LangChain allows us to use previous interactions to inform future ones. This is done by storing the previous interactions in memory. There are many types of memory, but we are interested in the following:

- `ConversationBufferMemory`: Stores all previous interactions.
- `ConversationBufferWindowMemory`: Stores certain number of previous interactions.
- `ConversationTokenBufferMemory `: Stores previous interactions not exceeding a token length.
- `ConversationSummaryMemory`: Stores previous interactions as a summary.


## Conversation Buffer

`ConversationBufferMemory` allows for storing messages and then extracts the messages in a variable.

In [None]:
from langchain.memory import ConversationBufferMemory

In [None]:
memory = ConversationBufferMemory()
memory.save_context({"input": "hi"}, {"output": "whats up"})
memory.load_memory_variables({})

Using `return_messages=True` allows us to get a the chat message history as a list of messages. See [different types of messages](https://python.langchain.com/docs/modules/model_io/models/chat/#messages).

In [None]:
memory = ConversationBufferMemory(return_messages=True)
memory.save_context({"input": "hi"}, {"output": "whats up"})
memory.load_memory_variables({})

In [None]:
memory.chat_memory

In [None]:
memory.chat_memory.messages

Let's use the conversation buffer in a chain.

In [None]:
from langchain.chat_models import ChatOpenAI
from langchain.chains import ConversationChain


llm = ChatOpenAI(temperature=0)
memory = ConversationBufferMemory(return_messages=True)
conversation = ConversationChain(
    llm=llm,
    verbose=True,
    memory=memory,
)

In [None]:
conversation.predict(input="Hi there!")

In [None]:
conversation.predict(input="I'm doing well. How are you?")

In [None]:
memory.load_memory_variables({})

## Conversation Buffer Window

`ConversationBufferWindowMemory` keeps a list of the interactions of the conversation over time. It only uses the last K interactions. This can be useful for keeping a sliding window of the most recent interactions, so the buffer does not get too large.

In [None]:
from langchain.memory import ConversationBufferWindowMemory

# Save the last 1 interaction
memory = ConversationBufferWindowMemory(k=1, return_messages=True)

memory.save_context({"input": "hi"}, {"output": "whats up"})
memory.save_context({"input": "not much you"}, {"output": "not much"})
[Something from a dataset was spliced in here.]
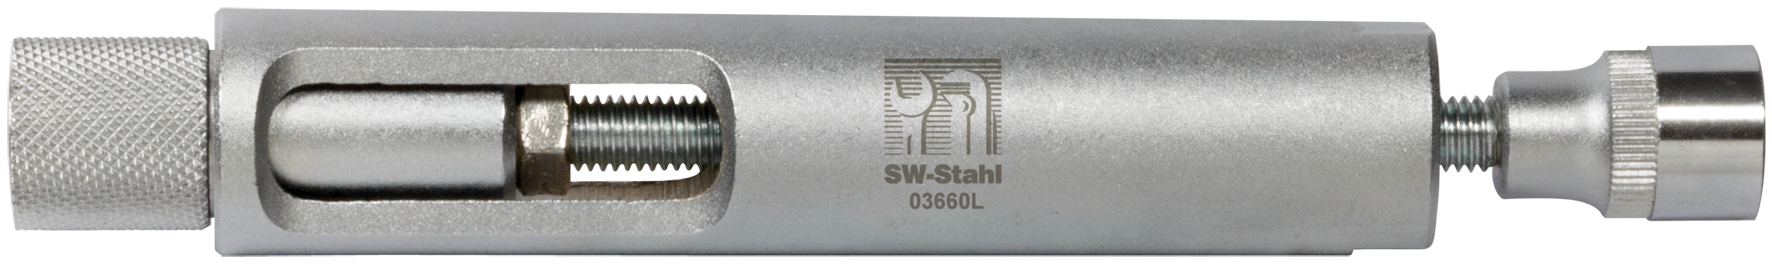 SWSTAHL Glow plug removal tool 03660L

memory.load_memory_variables({})

Let's use the buffer in a chain.

In [None]:
from langchain.chat_models import ChatOpenAI
from langchain.chains import ConversationChain

llm = ChatOpenAI(temperature=0)
memory = ConversationBufferWindowMemory(k=1)
conversation_with_summary = ConversationChain(
    llm=llm,
    memory=memory,
    verbose=True,
)

conversation_with_summary.predict(input="Hi, what's up?")

In [None]:
conversation_with_summary.predict(input="I'm doing well.")

At this point, notice that the first interaction is not in the buffer. This is because the buffer only stores the last 1 interaction.

In [None]:
conversation_with_summary.predict(input="My name is Chris.")

## Conversation Token Buffer

`ConversationTokenBufferMemory` keeps a buffer of recent interactions in memory, and uses token length rather than number of interactions to determine when to flush interactions.

In [None]:
from langchain.memory import ConversationTokenBufferMemory

memory = ConversationTokenBufferMemory(
    llm=llm,
    max_token_limit=10,
    return_messages=True,
)

memory.save_context({"input": "hi"}, {"output": "whats up"})
memory.save_context({"input": "not much you"}, {"output": "not much"})
memory.load_memory_variables({})

Let's use the buffer in a chain.

In [None]:
from langchain.chat_models import ChatOpenAI
from langchain.chains import ConversationChain

llm = ChatOpenAI(temperature=0)
memory = ConversationTokenBufferMemory(
    llm=llm,
    max_token_limit=60,
    return_messages=True,
)

conversation_with_summary = ConversationChain(
    llm=llm,
    memory=memory,
    verbose=True,
)

conversation_with_summary.predict(input="Hi, what's up?")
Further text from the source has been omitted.